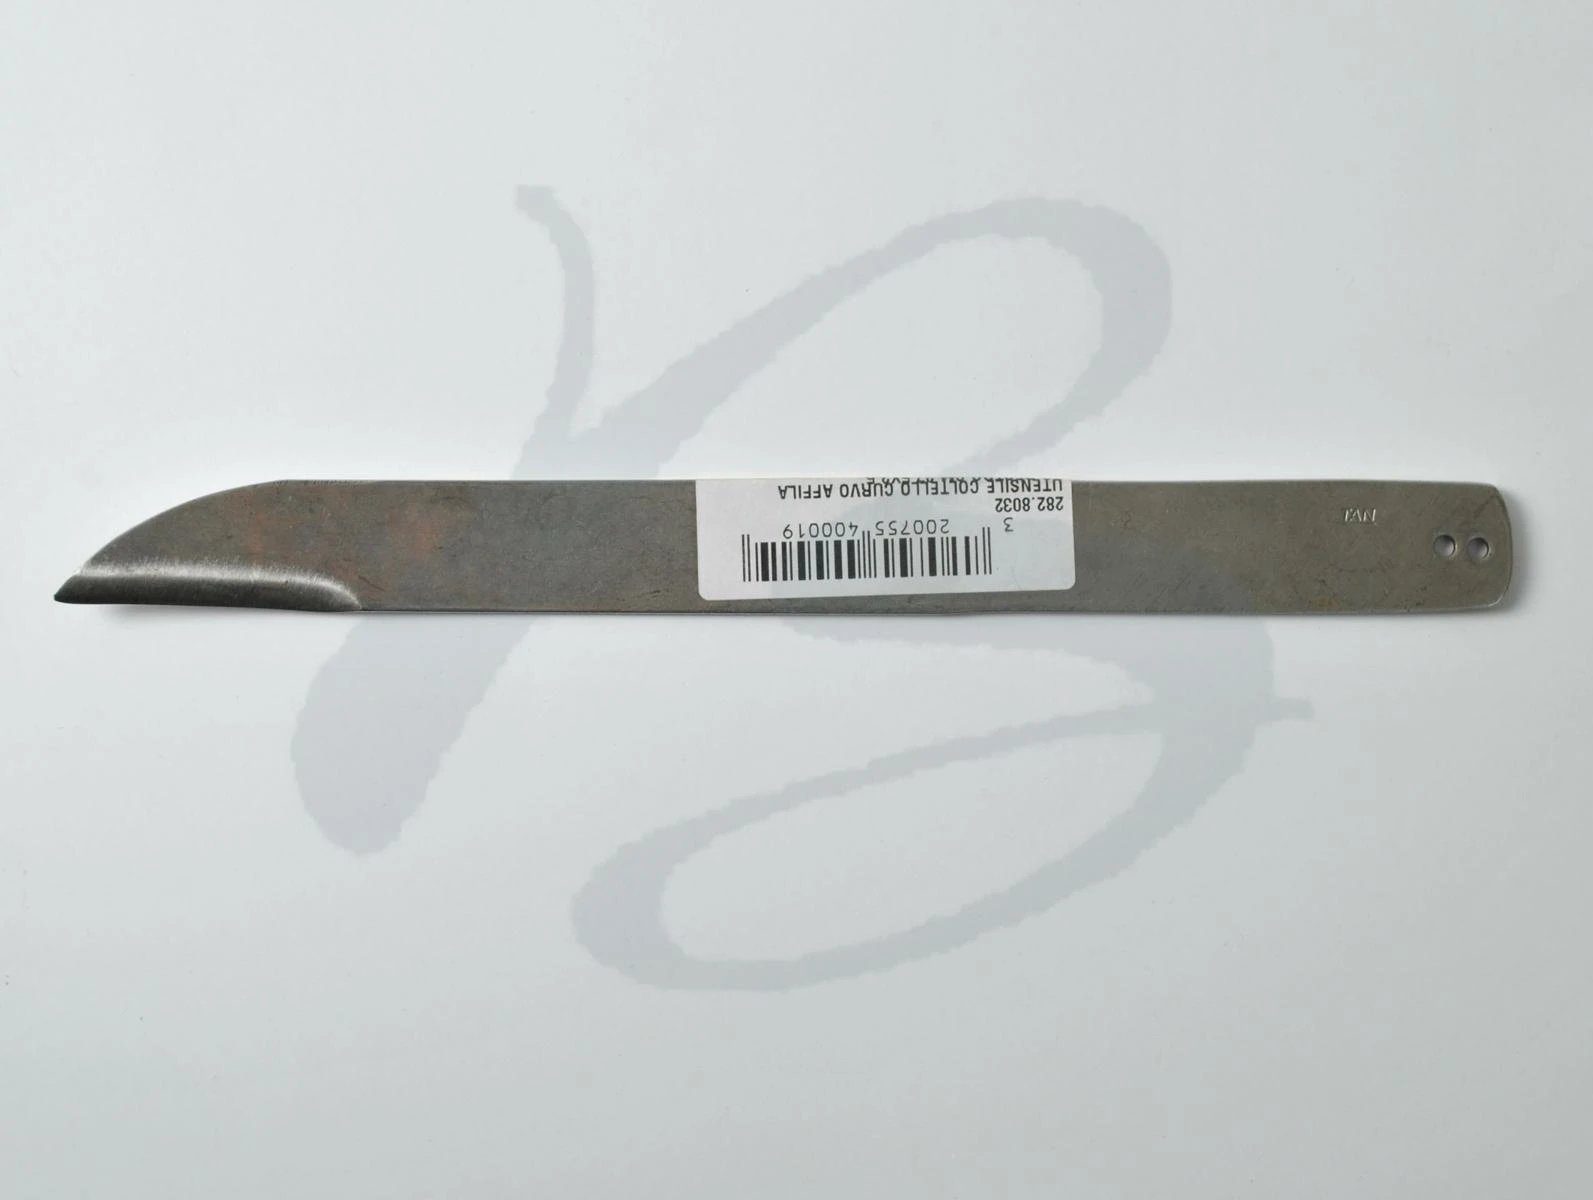 SHOEMAKER'S KNIFE CURVED - RIGHT 
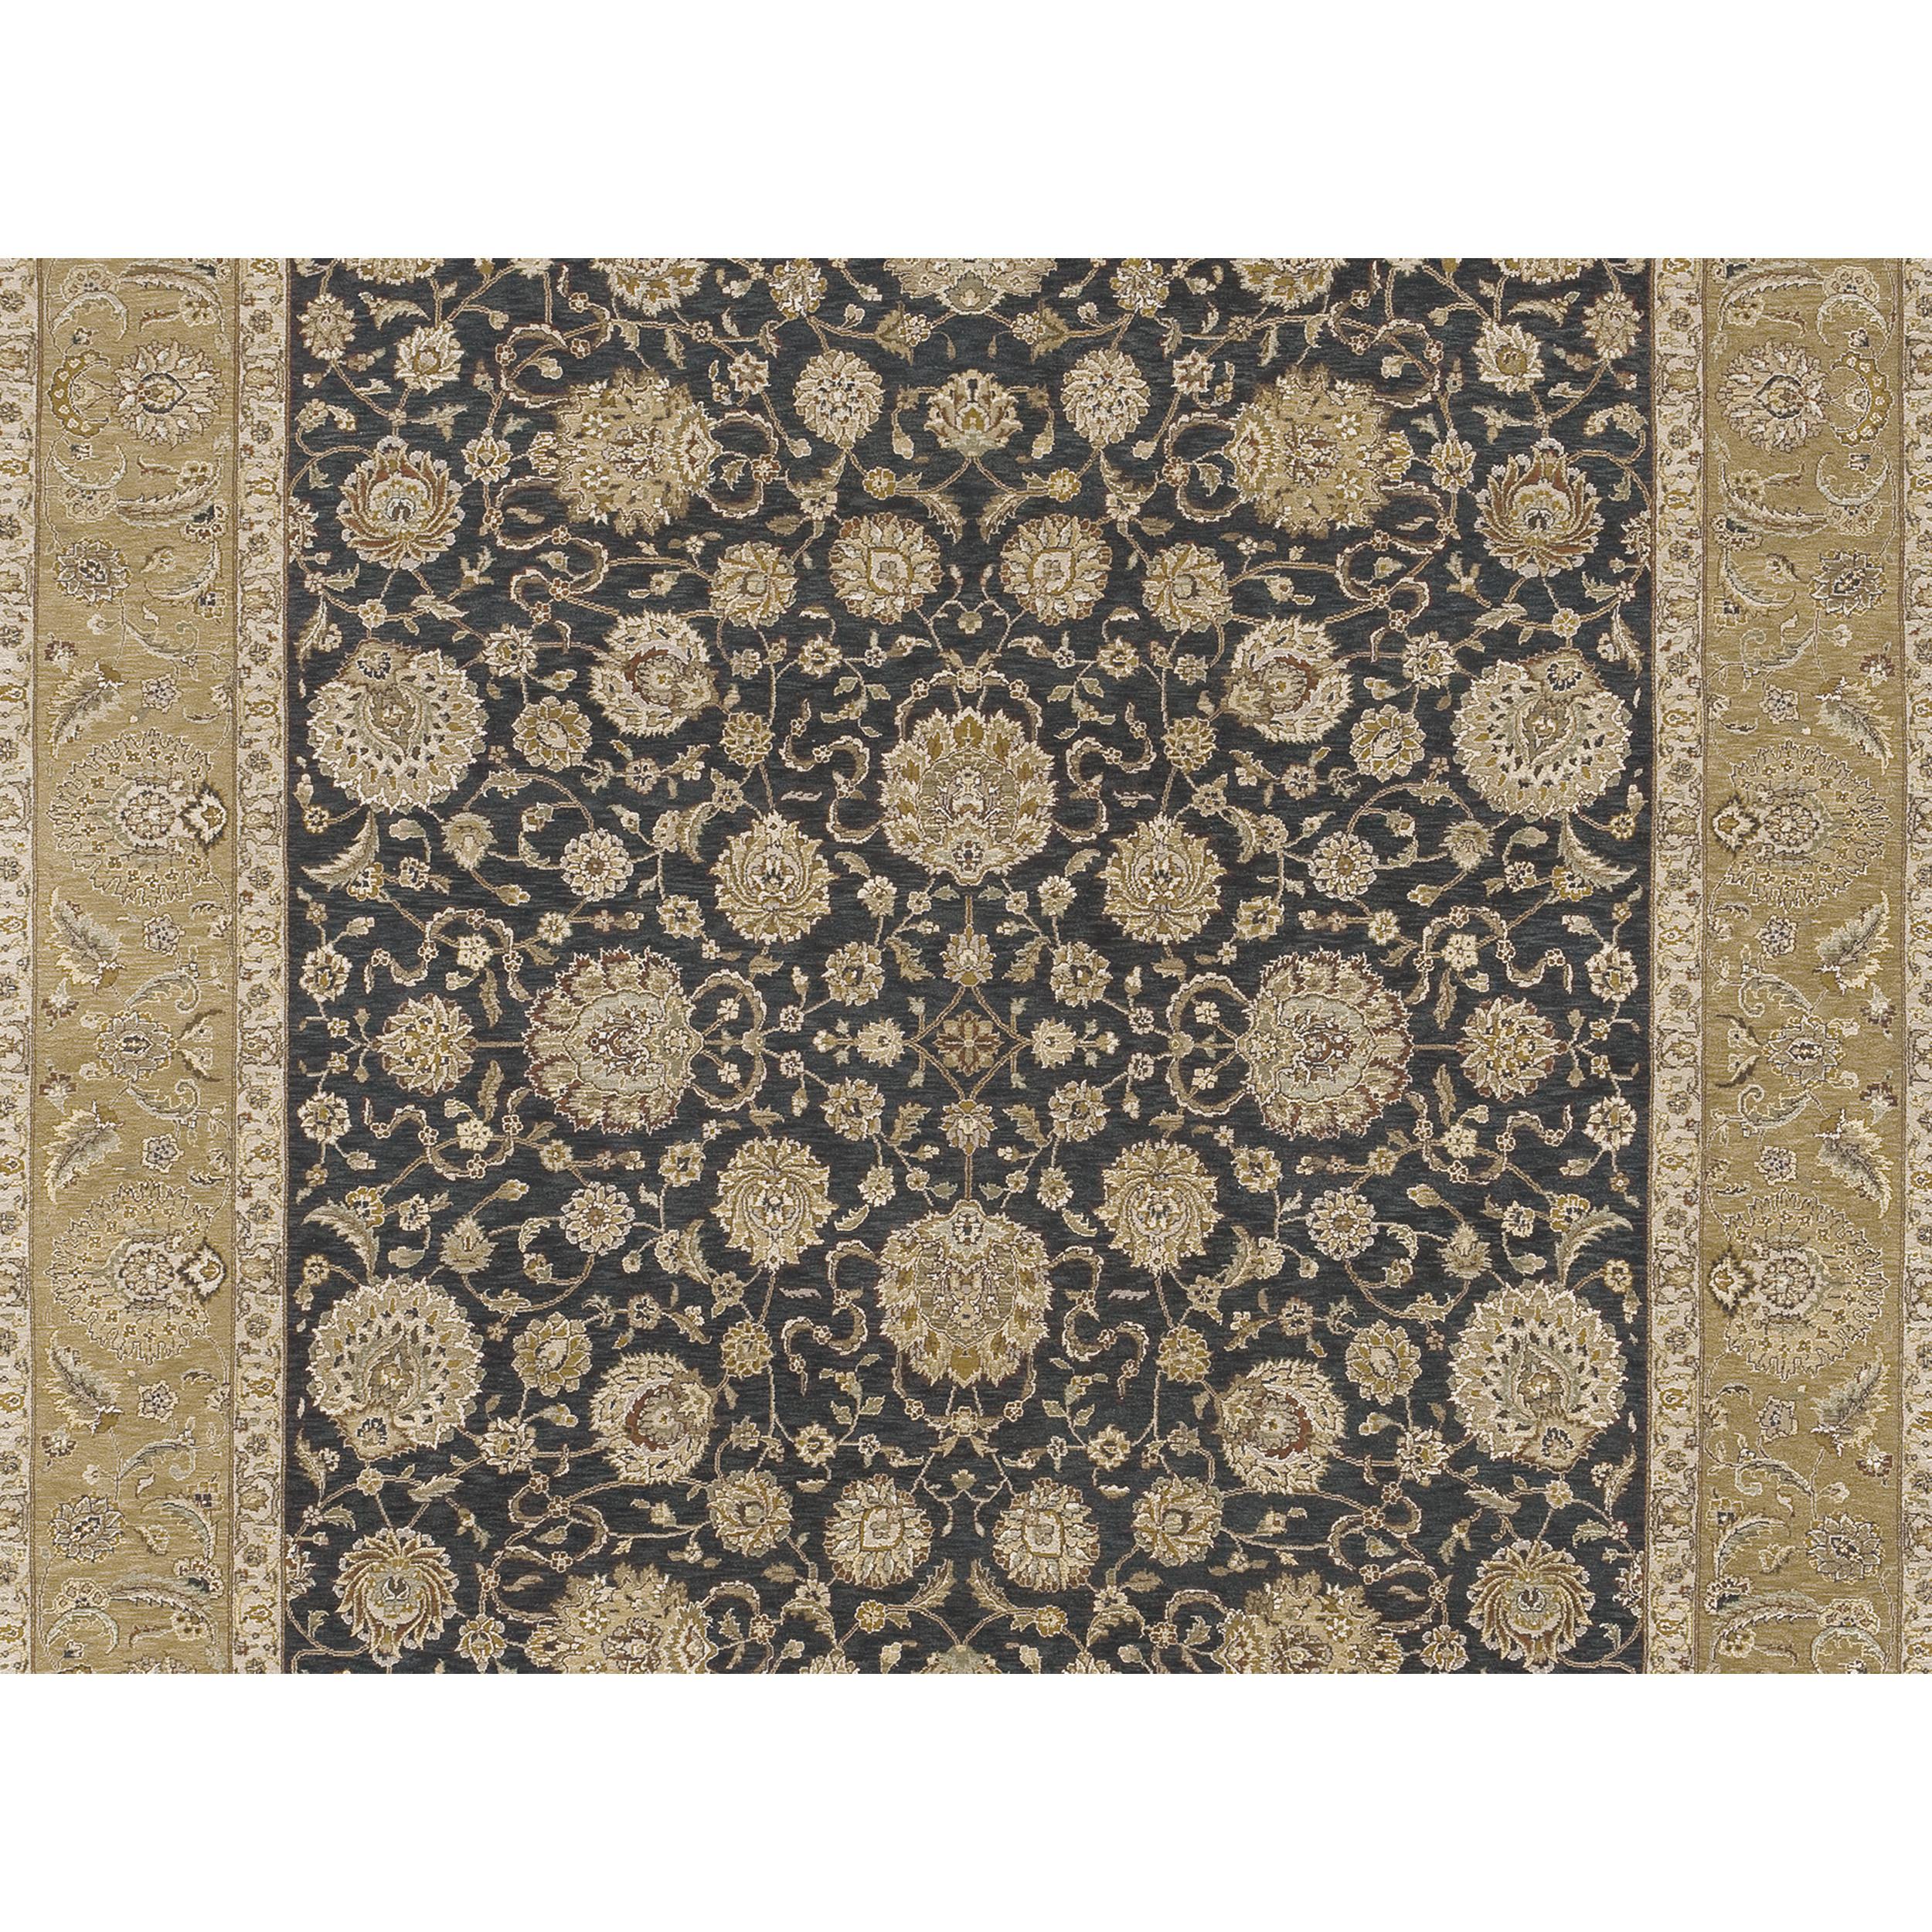 Luxury Traditional Hand-Knotted Kashan Black & Gold 12x15 Rug In New Condition For Sale In Secaucus, NJ
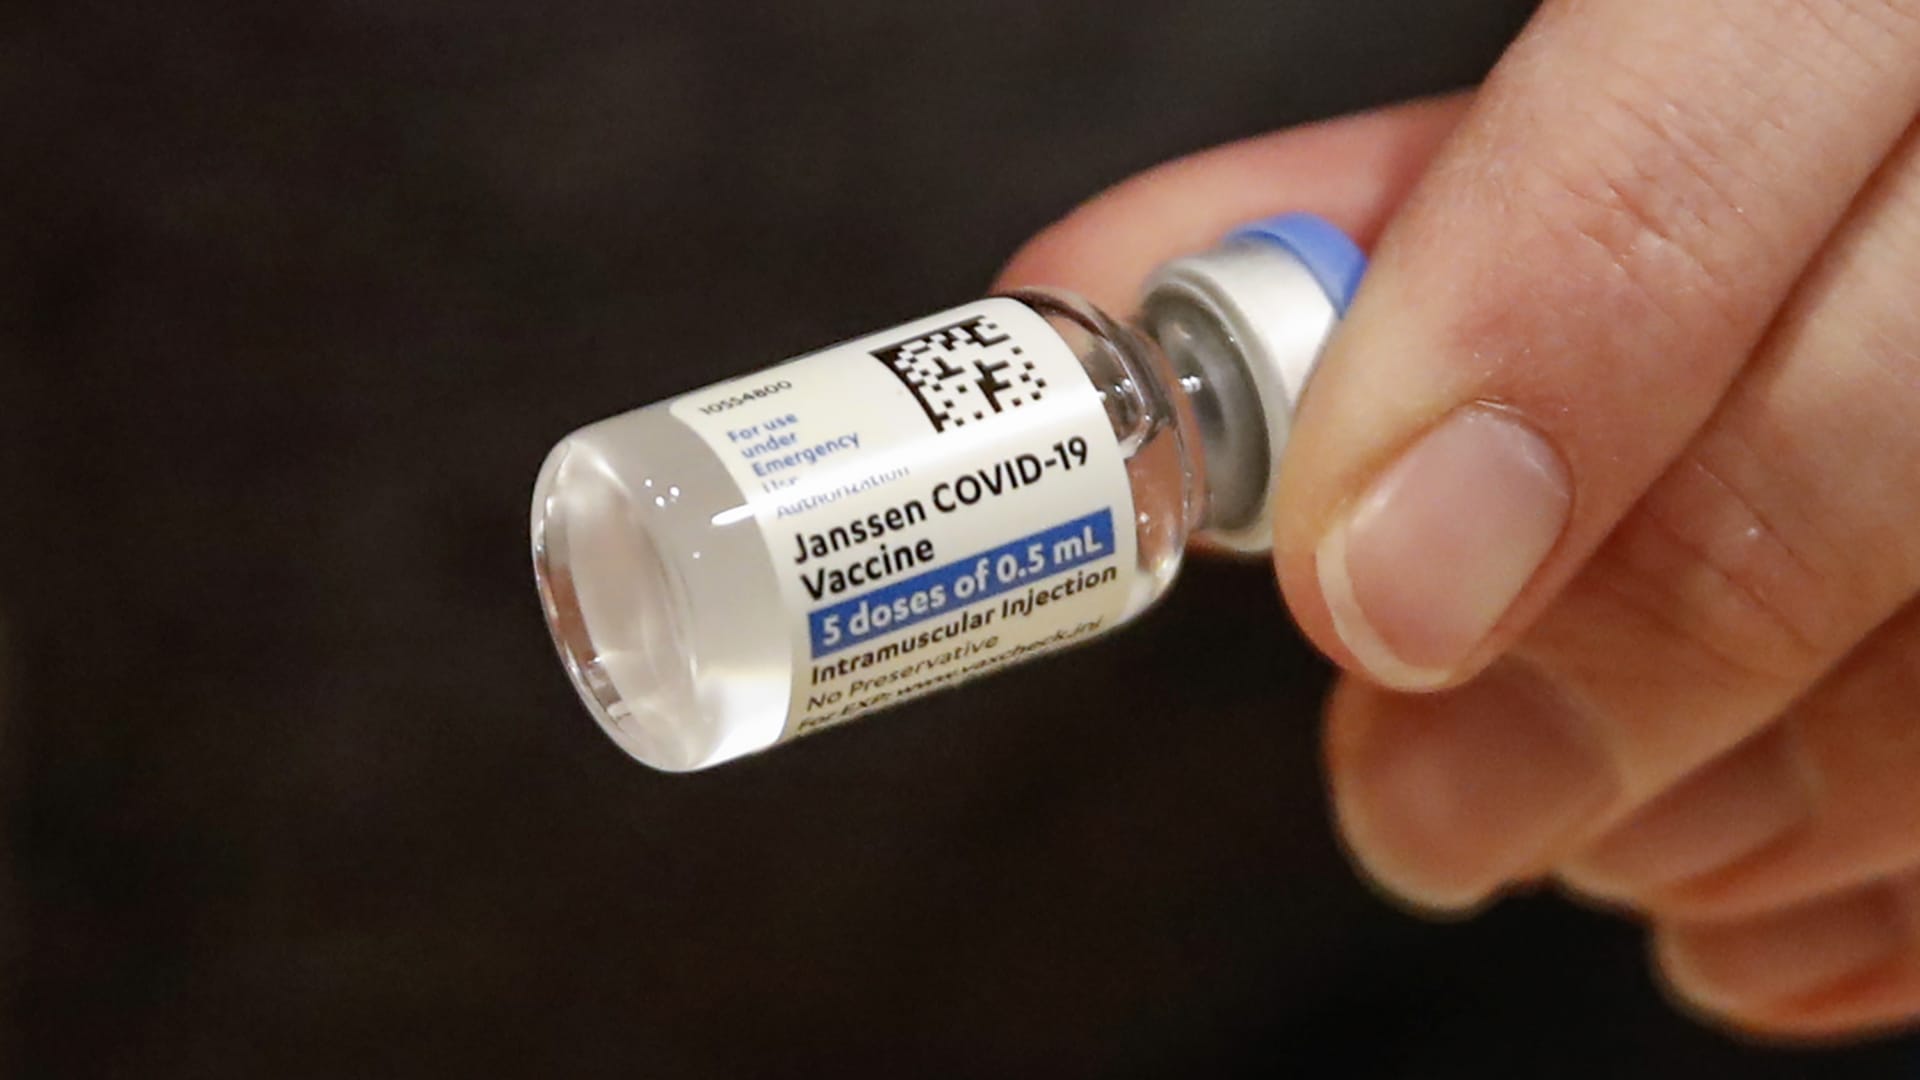 Johnson & Johnson Covid-19 vaccine at a vaccination center established at the Hilton Chicago O'Hare Airport Hotel in Chicago, Illinois, on March 5, 2021.

* Task description: Repeat the data verbatim, excluding all pictures.

* Exercise answer:
 SHOEMAKER'S KNIFE CURVED - RIGHT 
 Luxury Traditional Hand-Knotted Kashan Black & Gold 12x15 Rug In New Condition For Sale In Secaucus, NJ
 Johnson & Johnson Covid-19 vaccine at a vaccination center established at the Hilton Chicago O'Hare Airport Hotel in Chicago, Illinois, on March 5, 2021.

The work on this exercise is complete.